Strategies that treat food as an “energy source” may be unhelpful in countering obesity because they do not relate to the way most people think about eating, according to General Sir John Monash Scholarship winner and Flinders graduate, Amy McLennan.
A graduate in languages and medical science at Flinders, Ms McLennan is now studying at Oxford University, where she is researching factors contributing to obesity.
She has been awarded one of the eight annual scholarships awarded annually by the General Sir John Monash Foundation to outstanding young Australians with the potential to be leaders in their fields to pursue postgraduate studies at the world’s leading universities. The scholarship is worth up to $150,000 over three years.

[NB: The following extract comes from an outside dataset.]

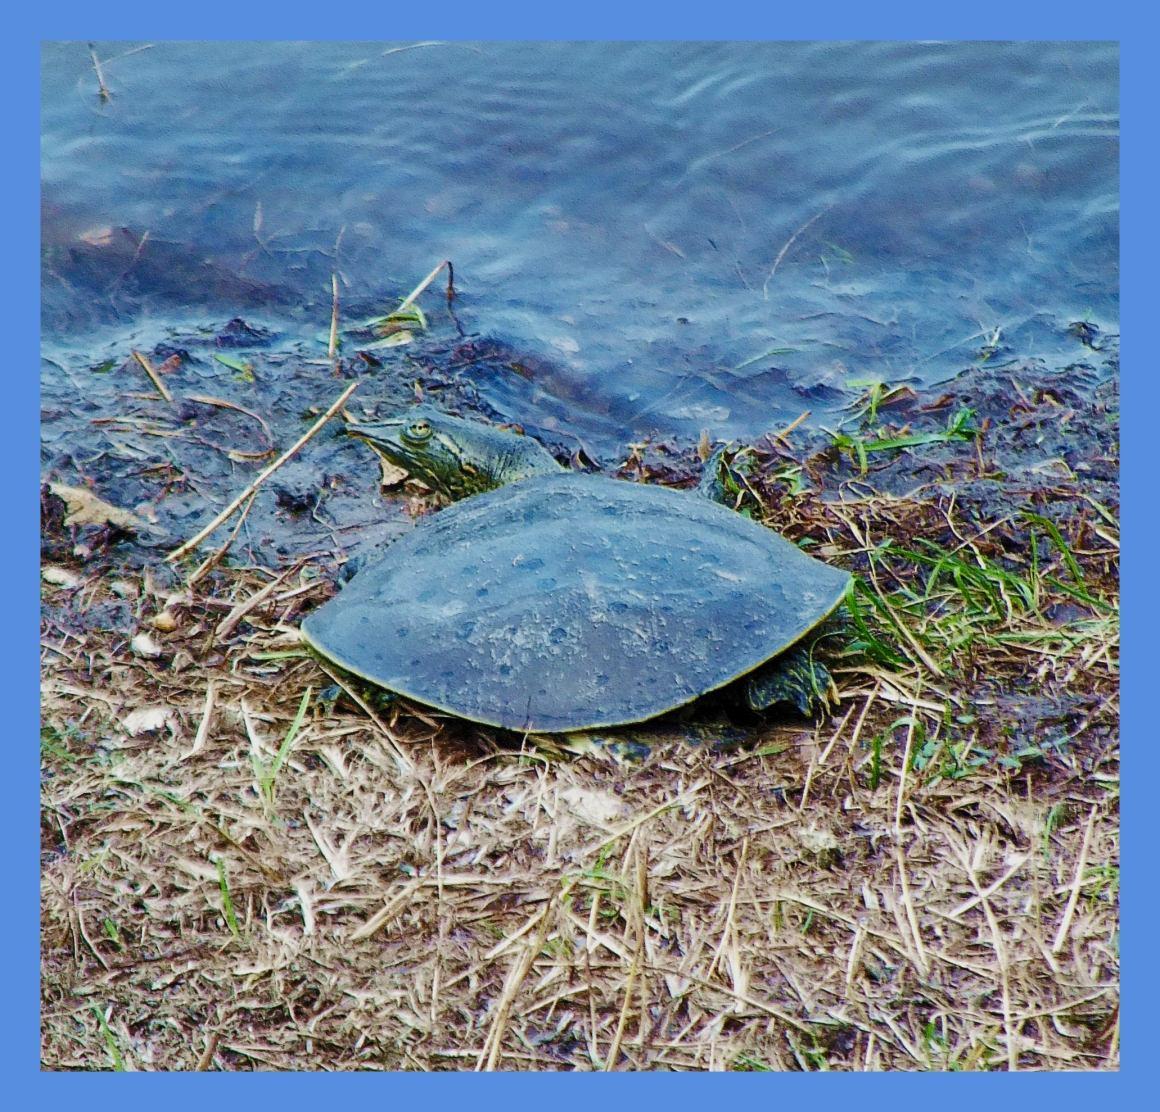 Softshelled Turtle. Photo by Thomas Peace c. 2015

Ms McLennan is presently studying towards a masters degree in the field of medical anthropology, a discipline that examines the relationship between wider cultural factors and health. She is working in a unit dedicated to the study of obesity and the development of effective policies to counter it. The Monash Award will support the extension of her masters research into a doctorate.

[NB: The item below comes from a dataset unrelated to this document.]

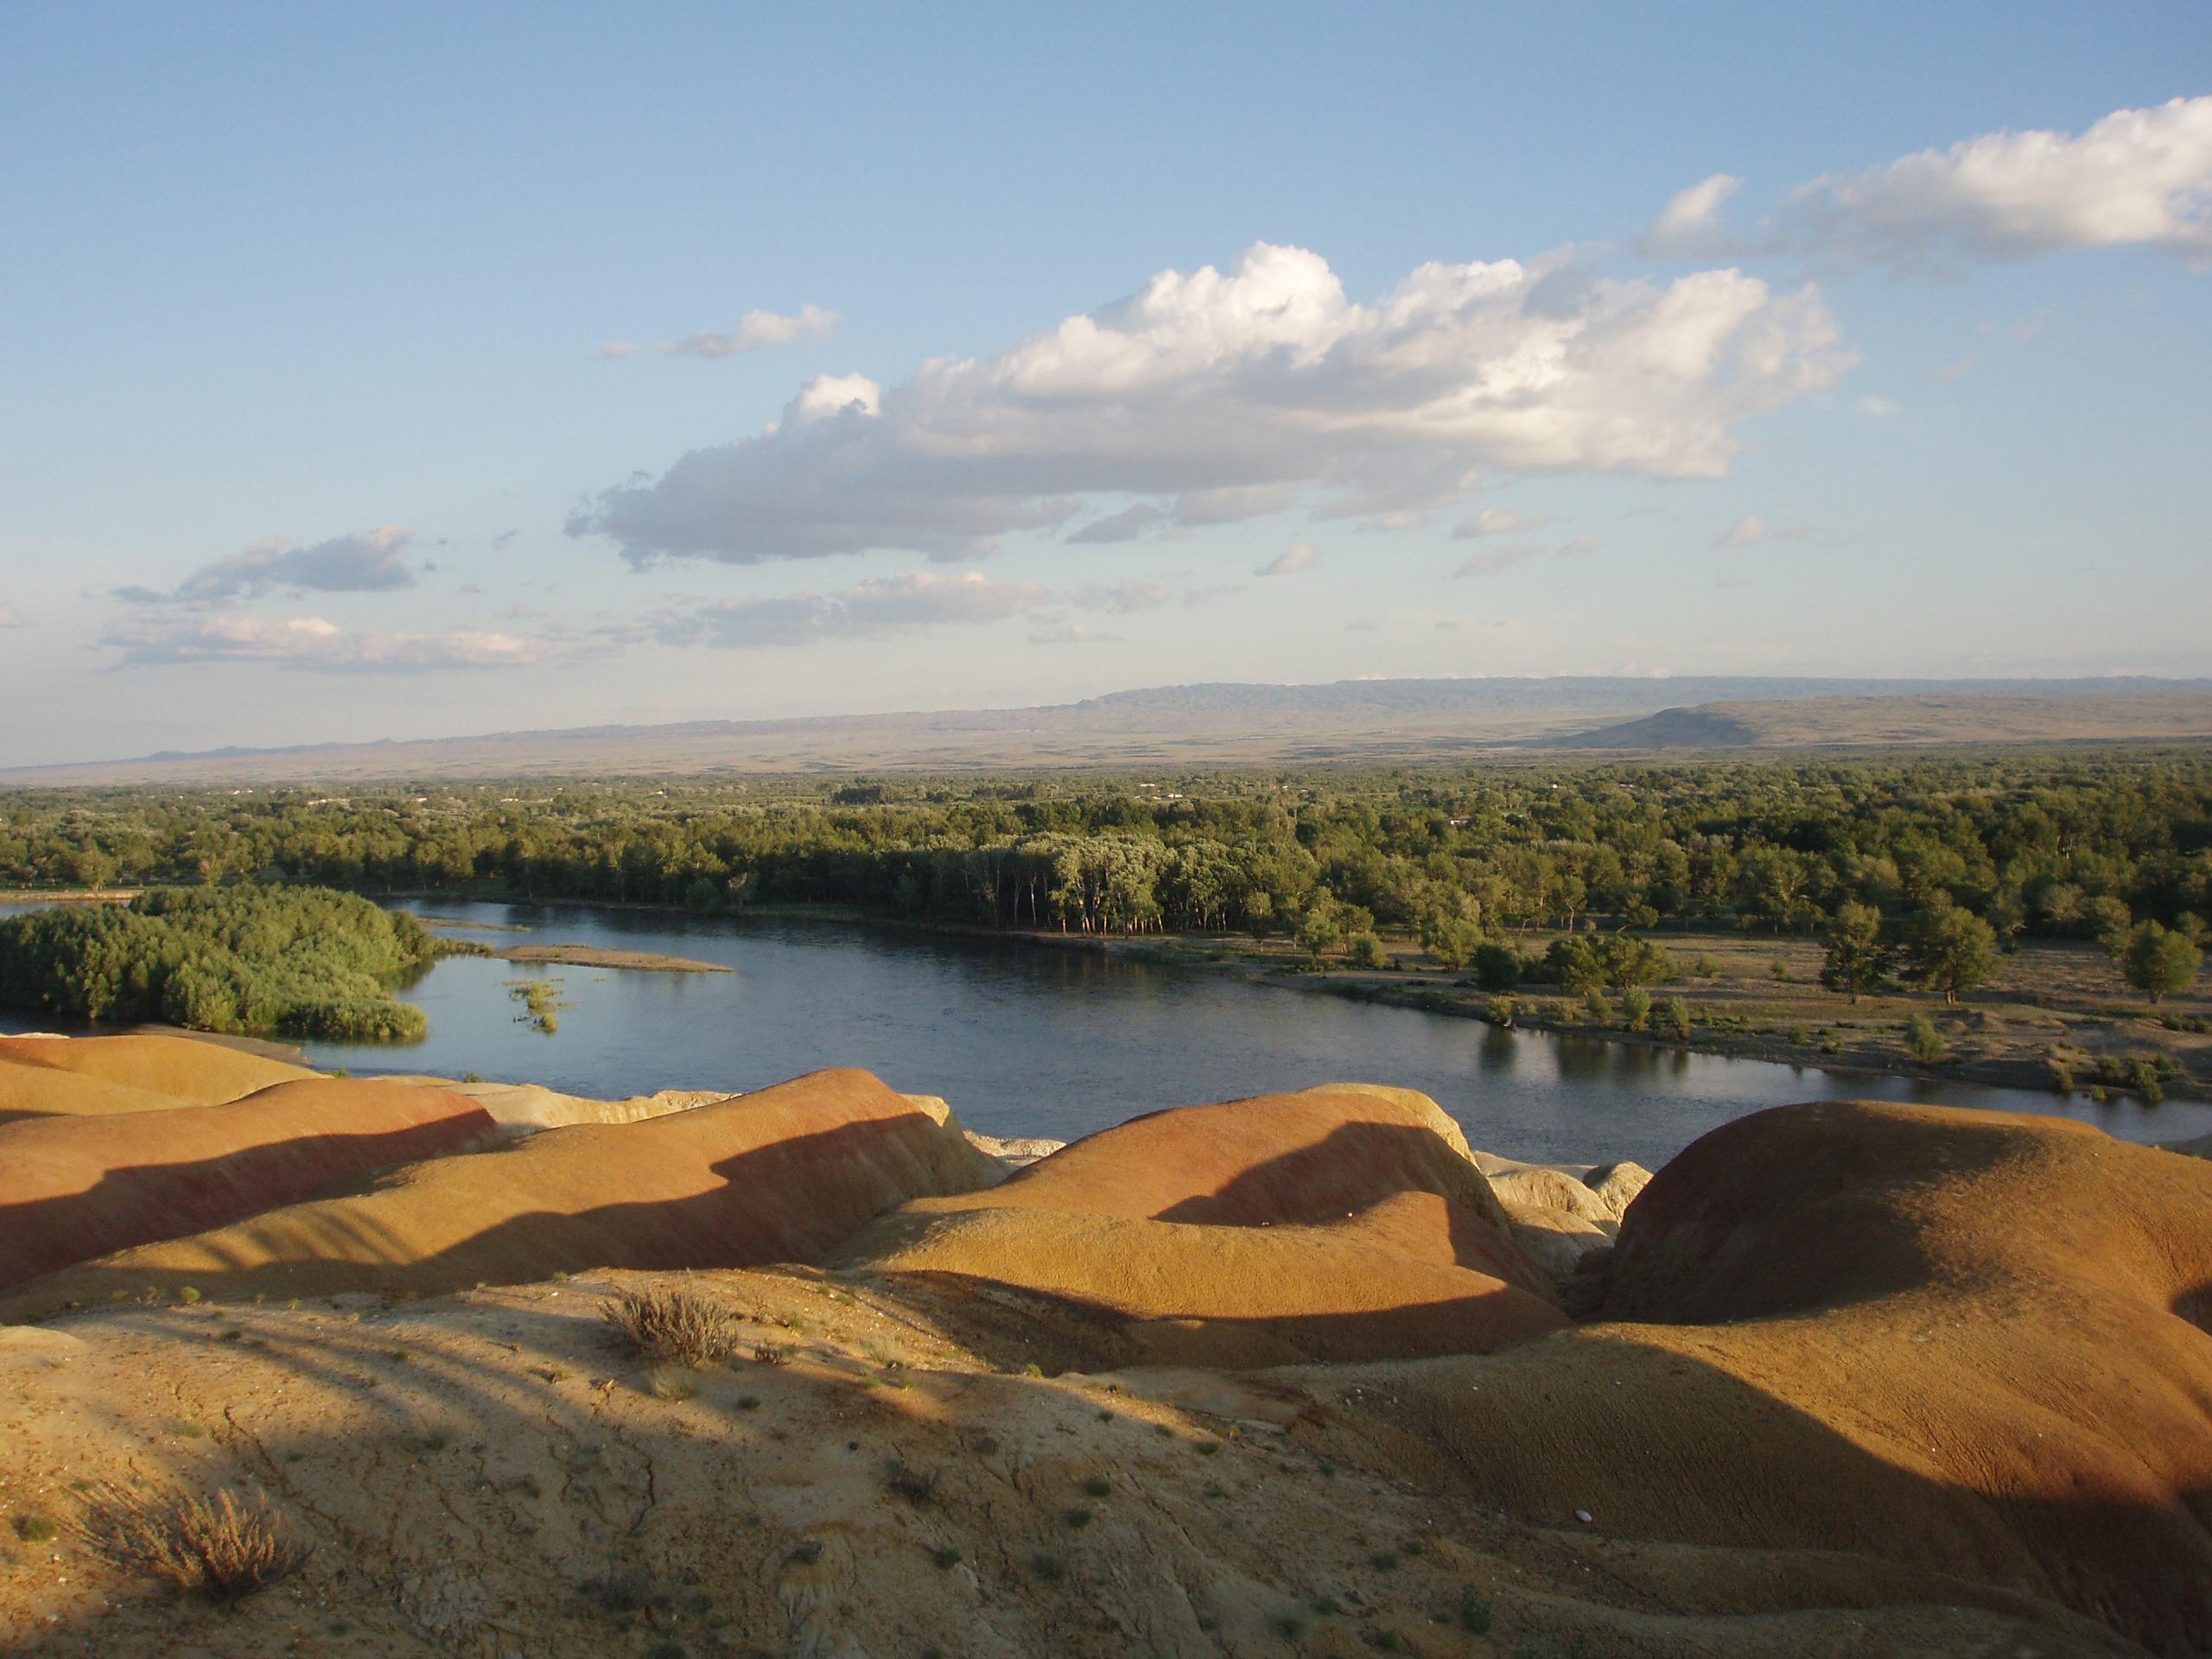 Black Irtysh river in Burqin County.

With most current policy on obesity framed on a formula of individuals eating “wrong” foods and doing too little exercise, Ms McLennan said a broader understanding of obesity that extends beyond biomedical factors and takes into account the broader social, economic and political forces that shape population health is required.
“Anthropology suggests that ‘energy’ has little to do with why we consume or buy food,” she said.
“If that’s the case, and we have designed current policy interventions around a paradigm that is not based on what happens in real life, is it any wonder that they are not effective?”
Ms McLennan is focusing her research on models of societies in the South Pacific that offer a strong set of traditional cultural practices with regard to food and yet share world-wide trends towards obesity.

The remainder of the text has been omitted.